CLASP
The Centre for Linguistic Theory and Studies in Probability

A Formal Account of Disorders in Dialogues

This talk will present the project SLAM (Schizophrenia and Language - Analyse and Modelling). Since 2011, we build and analyse a corpus of interviews of patient with schizophrenia, in french. Schizophrenia is well-known among mental illnesses for the severity of the thought disorders it involves, and for their widespread and spectacular manifestations ranging from deviant social behavior to delusion, not to mention affective and sensory distortions. The goal of the SLAM project is twofold: (i) to discuss how the concepts of rationality and logicality may apply to conversational contexts in which one of the speakers is a patient with schizophrenia, and (ii) to use logical framework to model specific manifestations, namely disorders in conversational speech.

Our data are taken from transcriptions of real conversations between a psychologist and a patient with schizophrenia. Data collection and selection relied on theoretical hypotheses from psychiatry and psychopathology. Confronted with such a pathological conversation, any “ordinary” speaker intuitively feels that there are some incoherencies or discontinuities. We use a DRT (Kamp and Reyle 1993) like semantics in order to propose an interpretation model for such incongruities.
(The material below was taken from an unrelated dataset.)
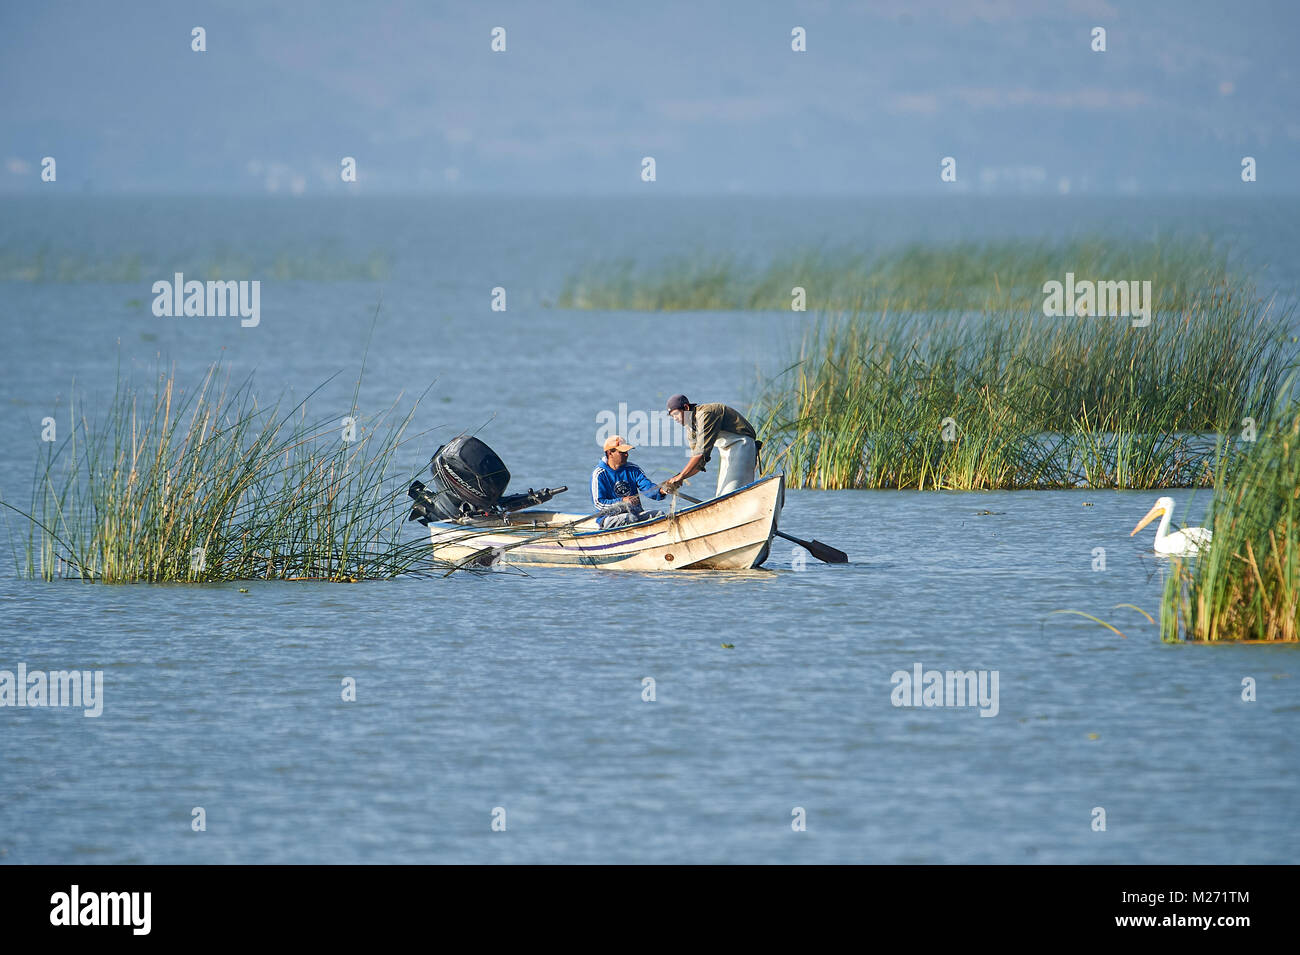 Fishermen at work on Lake Chapala, Ajijic, Jalisco, Mexico, Lake Chapala is the biggest freshwater lake in Mexico - Stock Image

On our recent works, we focus on the extension of compositional semantics based on TTDL (de Groote 2006), a lambda-calculus with continuations. One of our research project is to develop TTDL for Dialogue, in the same perspective as TTR (Cooper and Ginzburg 2002, Cooper 2004, Cooper and Ranta 2008). (Another one is the french translation of the Fracas resource, but it is not directly rely to SLAM)

The talk will present the SLAM corpus and project, and then (briefly) sketch the on-going works.